После Мазунина Любка гулять, конечно, не перестала: и слыхал он о ней, и видал с разными мужиками. А году в пятьдесят третьем связалась она с первым городским красавцем и пьяницей Пашкой Зобачевым. Целыми днями шатался он с друзьями по рынку: статный, кудрявый, в тельняшке и хромовых сапогах, с гармонью. А вечером, после работы, за ним приходила Любка – подбирала пьяного в лопухах и тащила домой.
Родила она от него дочку, Лизочку, красивую и тихую. Трудно даже сказать почему, но девочку эту Мазунин любил больше всех на свете, даже больше, чем своих ребят. Когда Лизочка была маленькая, Мазунин с получки покупал конфет и, делая огромный крюк, шел к дому Красильниковых. Девочка ждала его в условленном месте, за огородом, смеялась, обнимала его. Часто есть сладкое ей не приходилось – жили они с матерью трудно, а Пашка сгинул куда-то еще до рождения дочери. Наговорившись с ней, Мазунин отправлялся домой. По дороге заходил в чайную и выпивал стакан водки – надо было оправдаться перед женой и за позднее возвращение, и за истраченные деньги.
После школы Лиза поступила в медучилище и уехала в город. Теперь работала фельдшером в далеком лесном поселке.
… Подкашливая от волнения, переводя дух (шутка ли, больше тридцати лет не бывал в этом доме), Мазунин постучал. В сенках открылась дверь, женский голос крикнул:
– Заходите! Не закрыто!
Согнувшись под низкой притолокой, вошел в избу. Красильикова, увидав его, всплеснула руками, заулыбалась:
– Так это Степан! Ну, слушай, вот уж кого не ждала…

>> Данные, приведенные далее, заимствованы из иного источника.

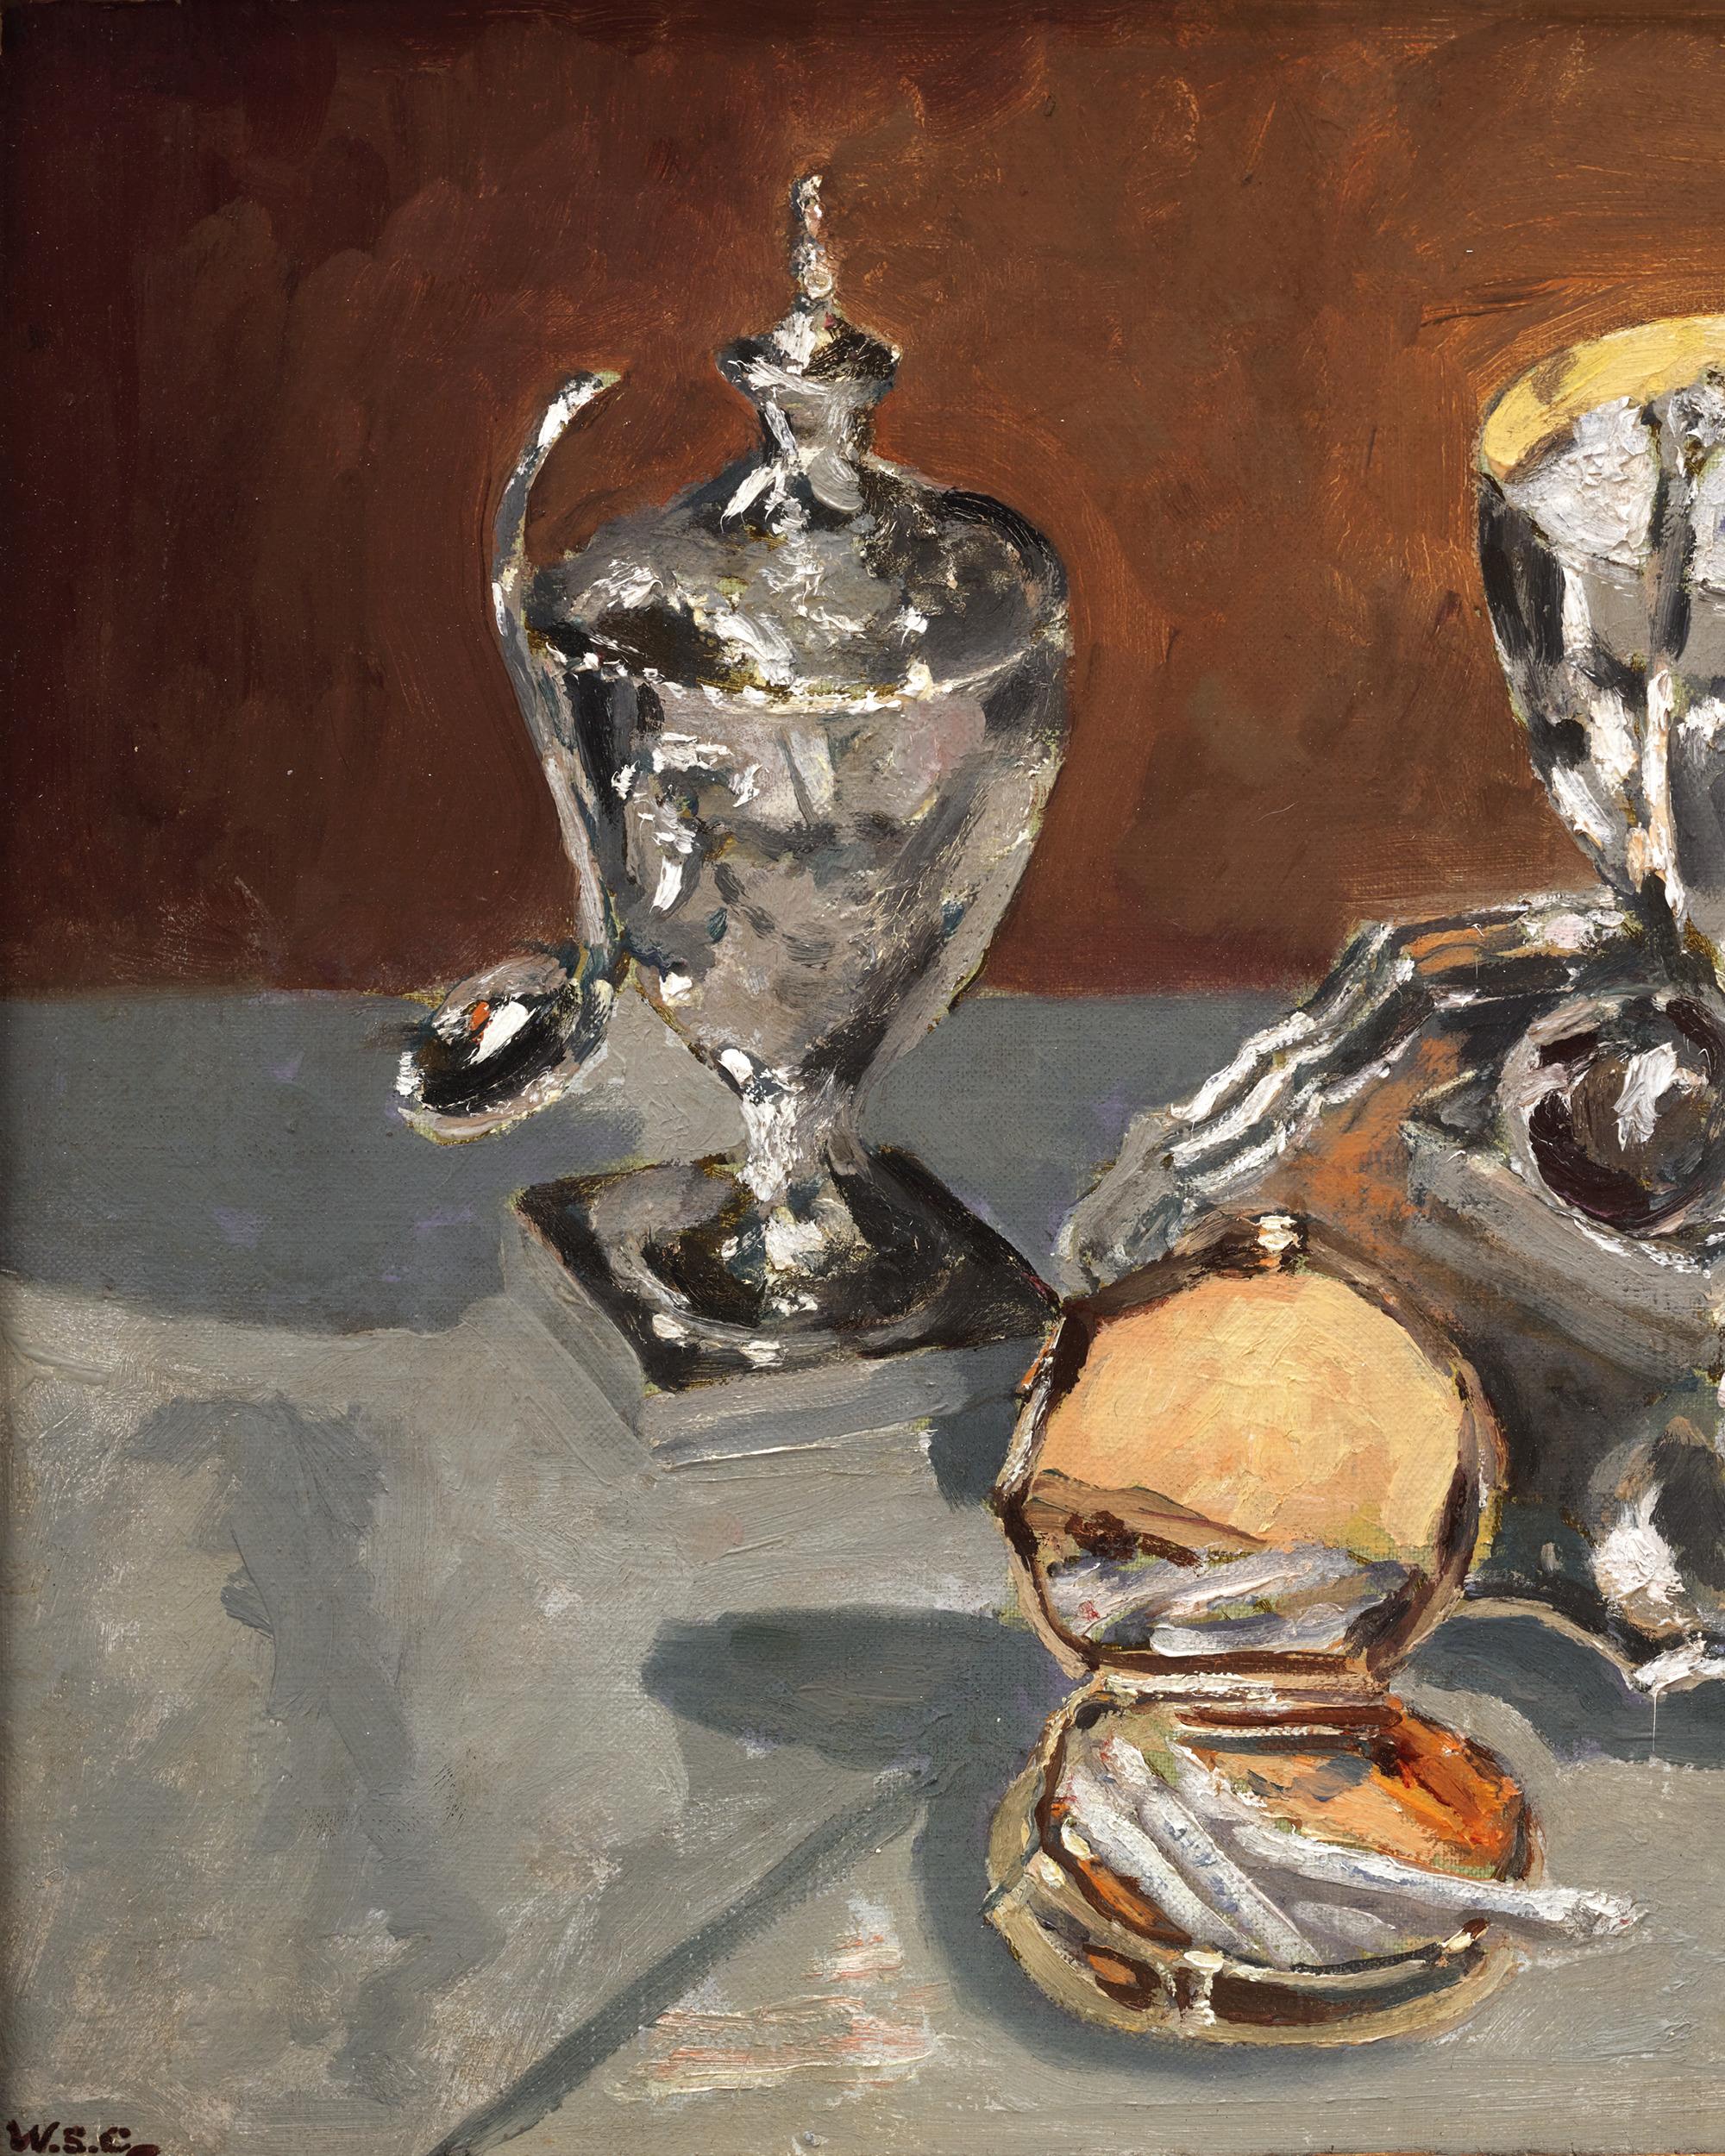 Believed by many to be the greatest Briton of all time, Winston Churchill was a revered statesman and a highly talented painter. This lovely work of art by the great man, Still Life, Silver at Chartwell, clearly displays his impressive skill as an

– Не ждала, значит, – закряхтел Мазунин. – А я вот, вишь, настырный какой!
– Да ну тебя, Степ, болтаешь ты! Я и рада: кто бы, думаю, забежал проведать, хоть из бывших друзей. Все забыли, как старая стала. Один ты вспомнил – смех, ей-Богу!
– Чего, какой это такой смех?
– Да больно давно да коротко любовь-то у нас с тобой была – я уж и забыла совсем, а ты помнишь, вишь.
– Я – помню, да. Я теперь много спомнил.
– Чего это на тебя нашло? – удивилась бывшая гулеванка.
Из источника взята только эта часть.